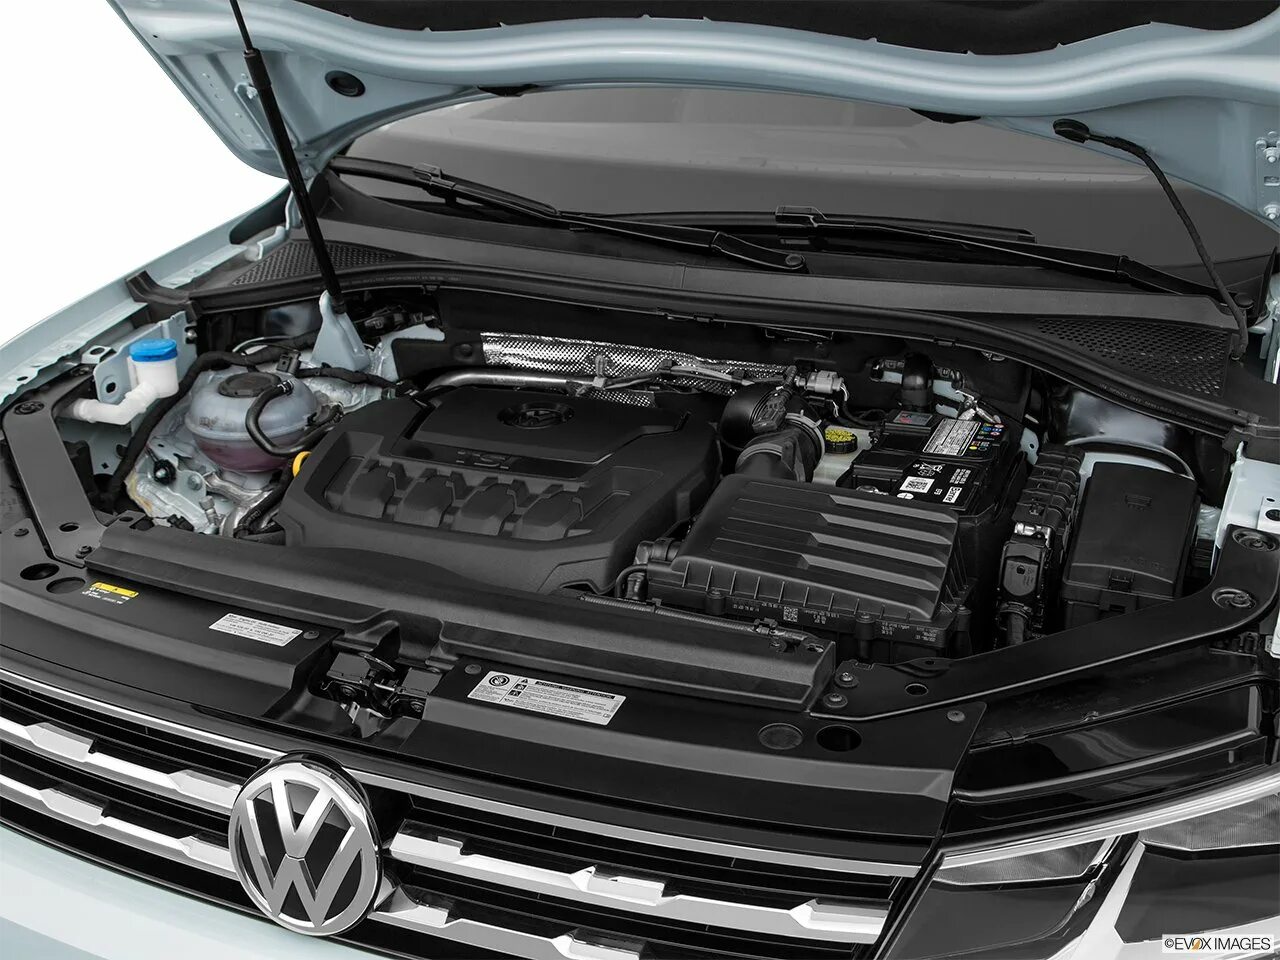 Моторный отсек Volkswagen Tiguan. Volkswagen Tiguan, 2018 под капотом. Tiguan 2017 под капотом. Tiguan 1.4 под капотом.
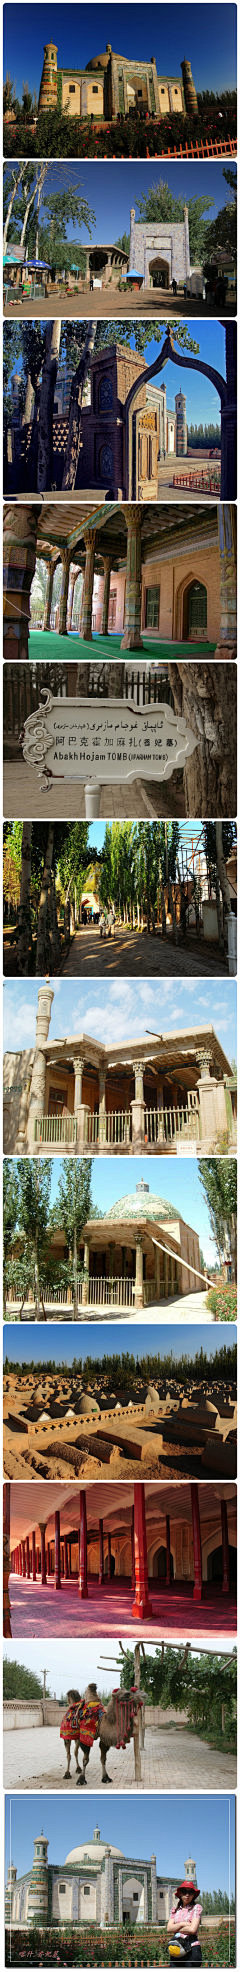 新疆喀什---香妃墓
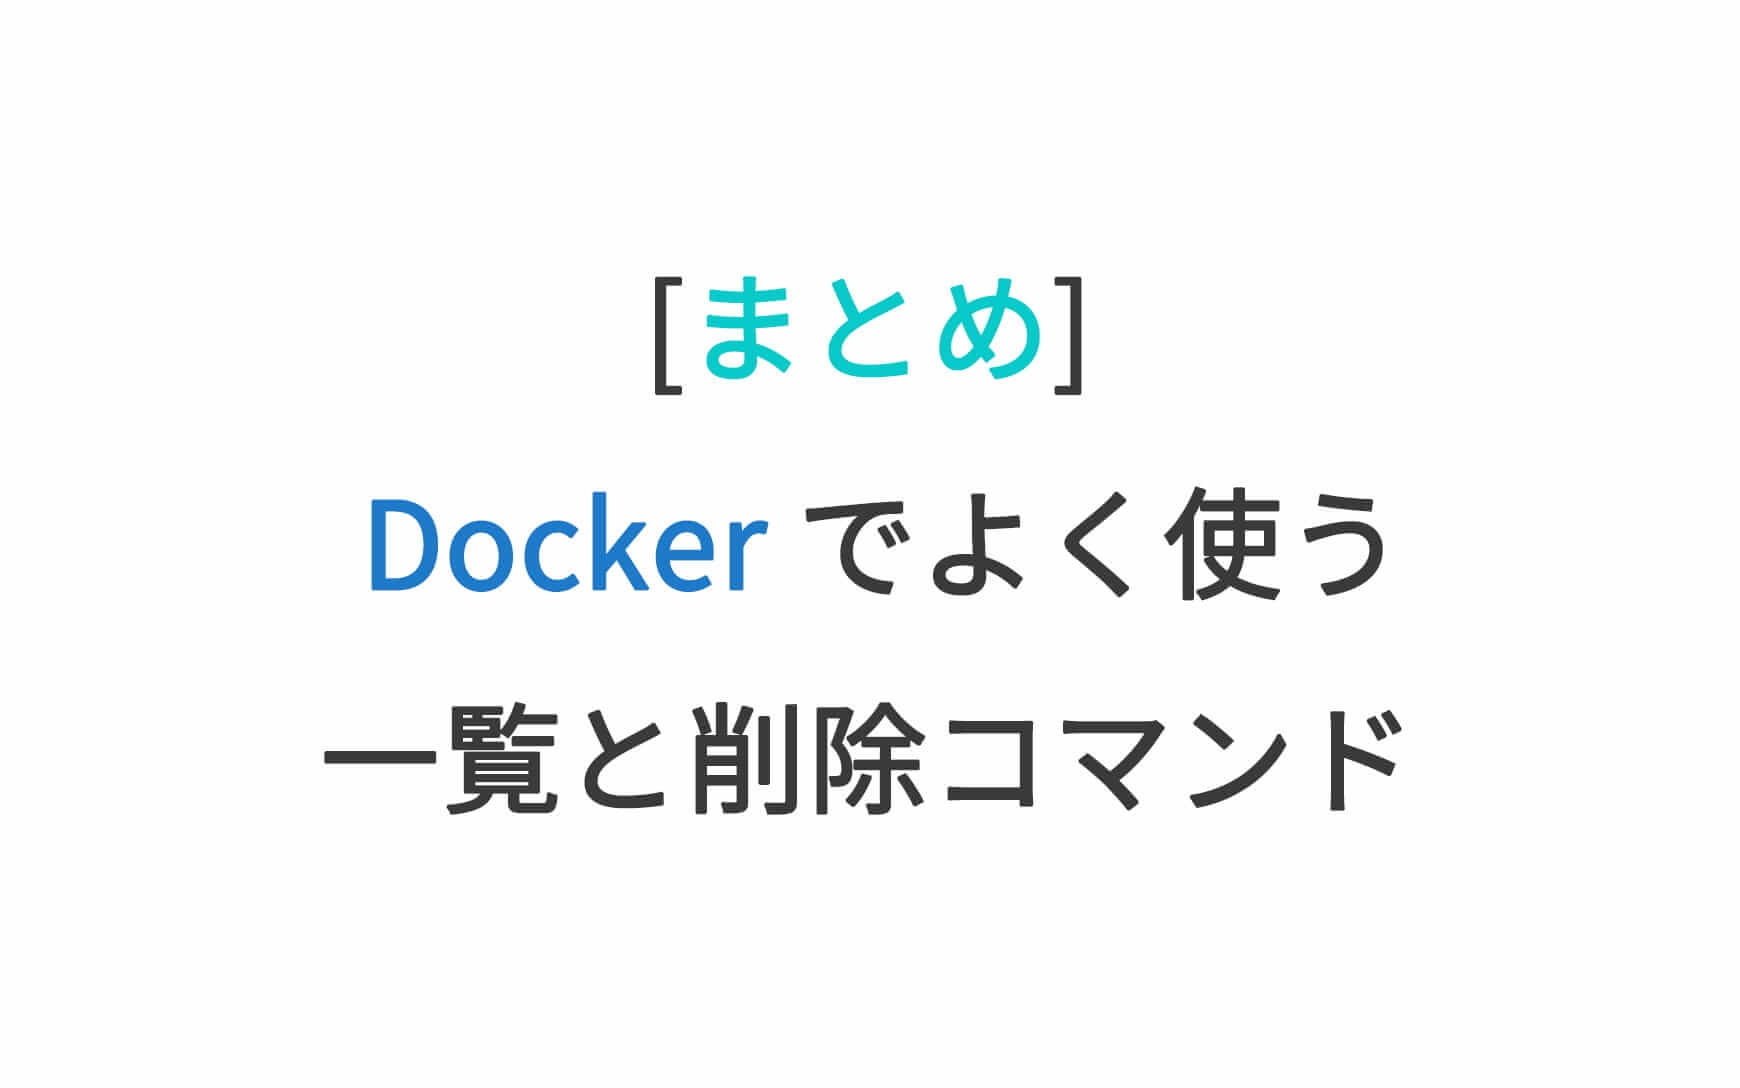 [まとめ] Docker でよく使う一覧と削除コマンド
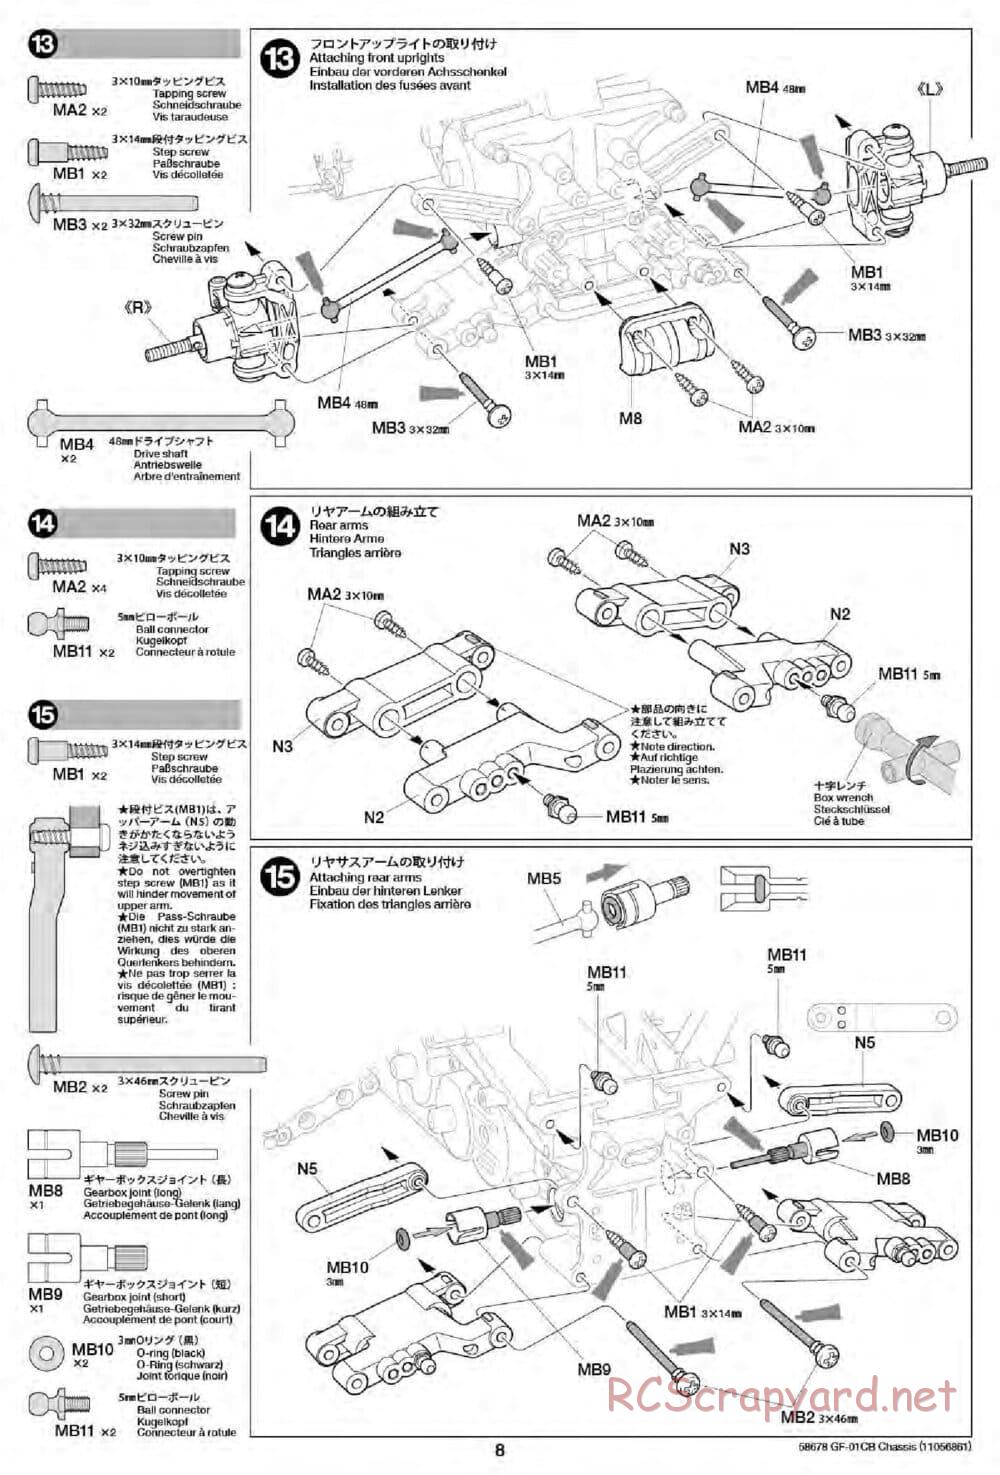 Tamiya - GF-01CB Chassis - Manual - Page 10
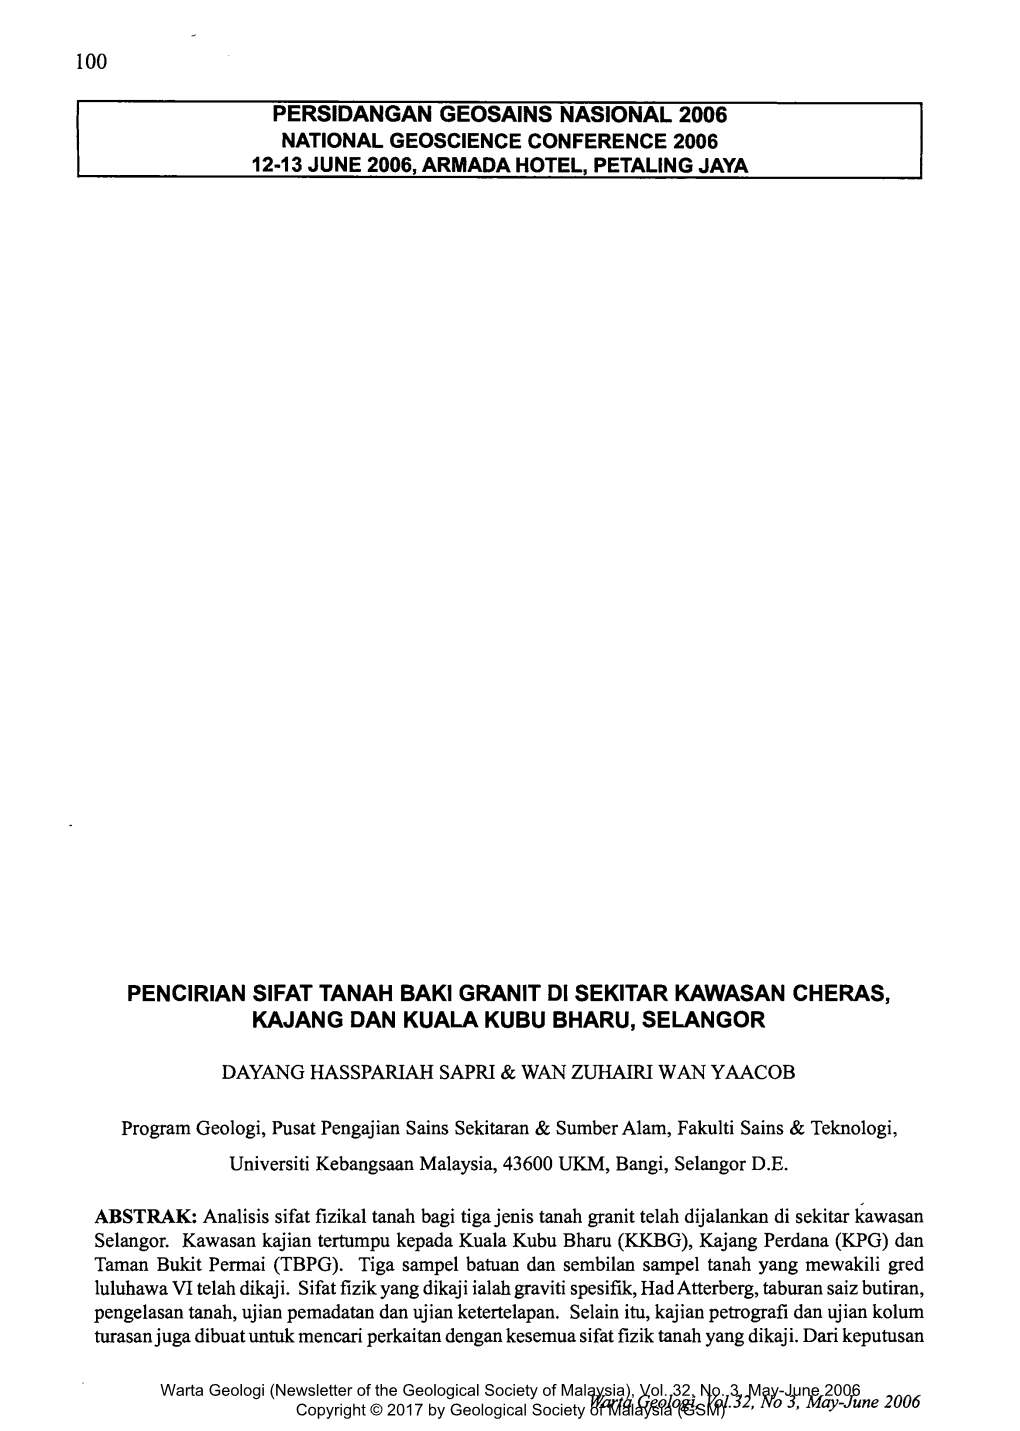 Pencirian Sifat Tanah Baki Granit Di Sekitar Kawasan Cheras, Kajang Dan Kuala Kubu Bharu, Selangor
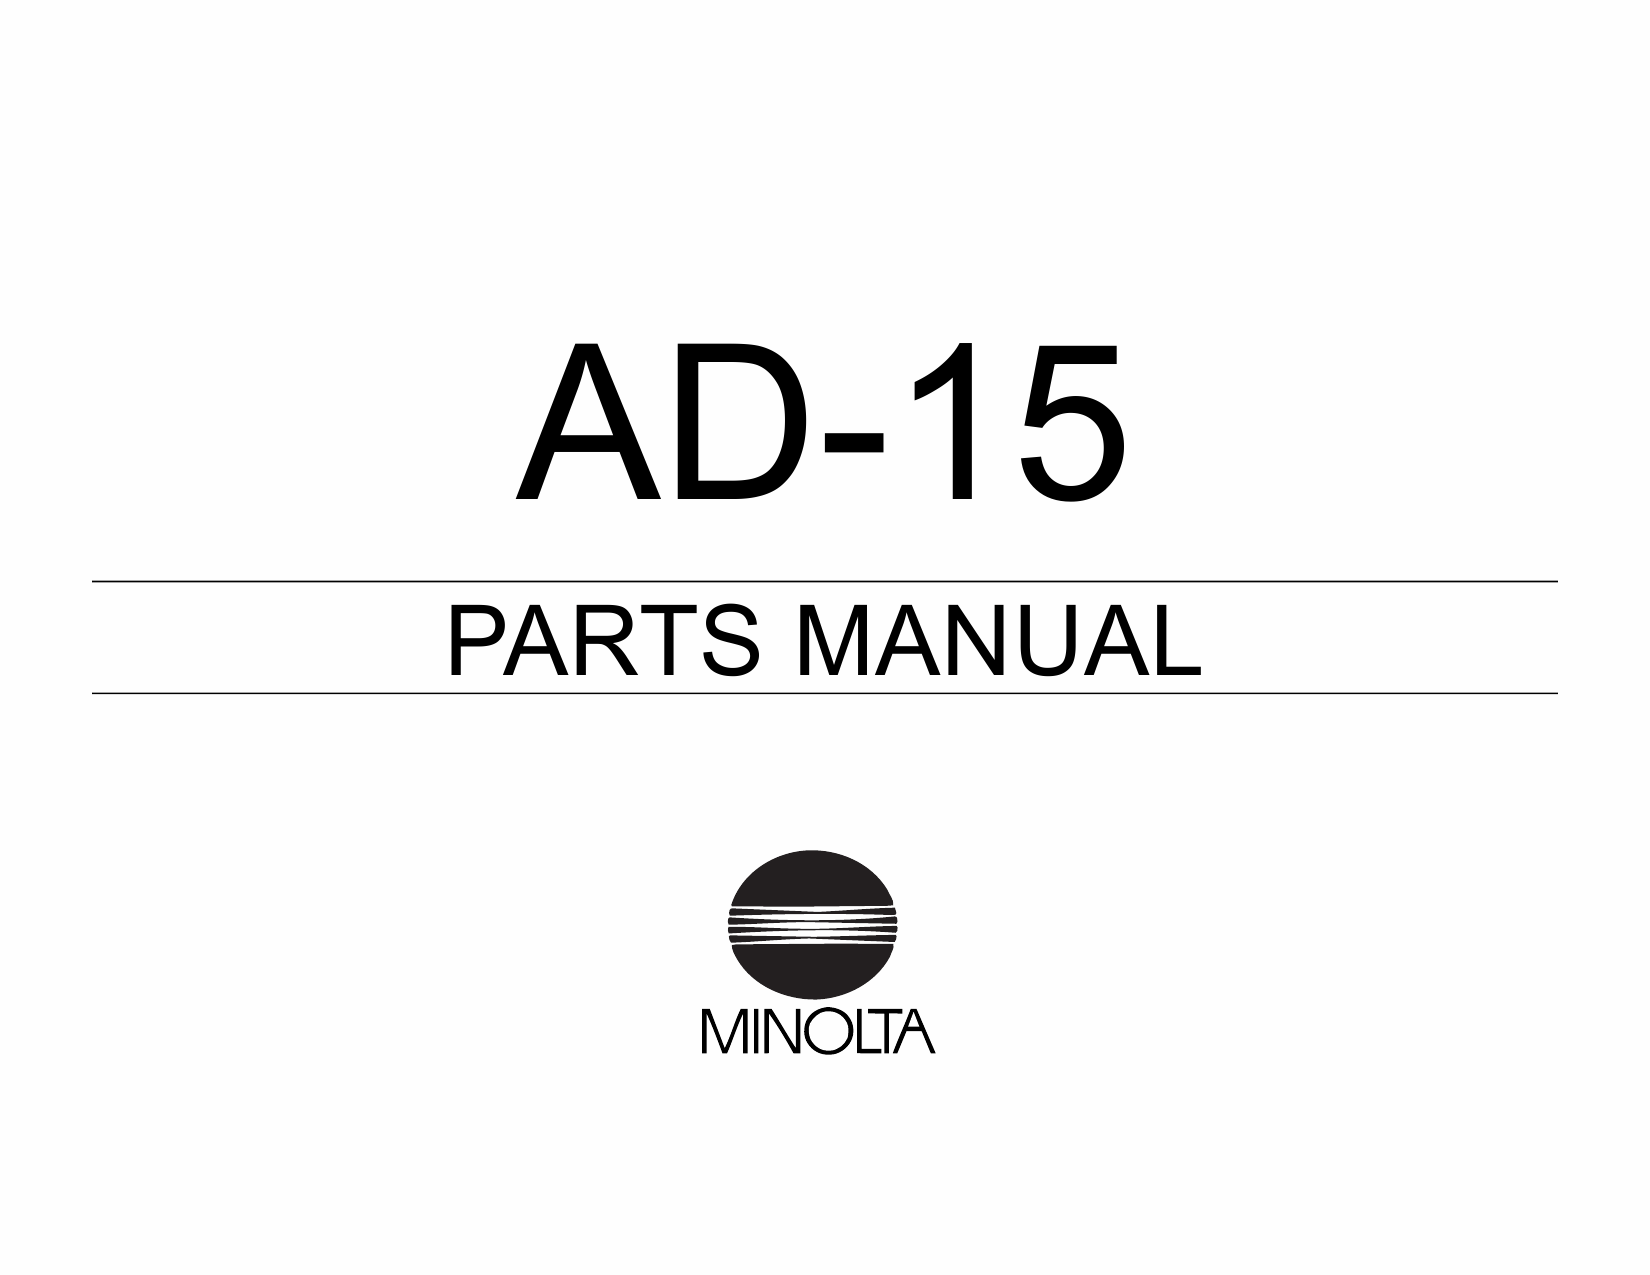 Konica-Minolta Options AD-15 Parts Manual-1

**INSTRUCTIONS FOR THE TASK**
Print out the whole listing word for word. Leave the pictures out.

**ANSWER FOR THIS EXERCISE**
 Моторный отсек Volkswagen Tiguan. Volkswagen Tiguan, 2018 под капотом. Tiguan 2017 под капотом. Tiguan 1.4 под капотом.
 新疆喀什---香妃墓
 [まとめ] Docker でよく使う一覧と削除コマンド
 Tamiya - GF-01CB Chassis - Manual - Page 10
 Pencirian Sifat Tanah Baki Granit Di Sekitar Kawasan Cheras, Kajang Dan Kuala Kubu Bharu, Selangor
 Konica-Minolta Options AD-15 Parts Manual-1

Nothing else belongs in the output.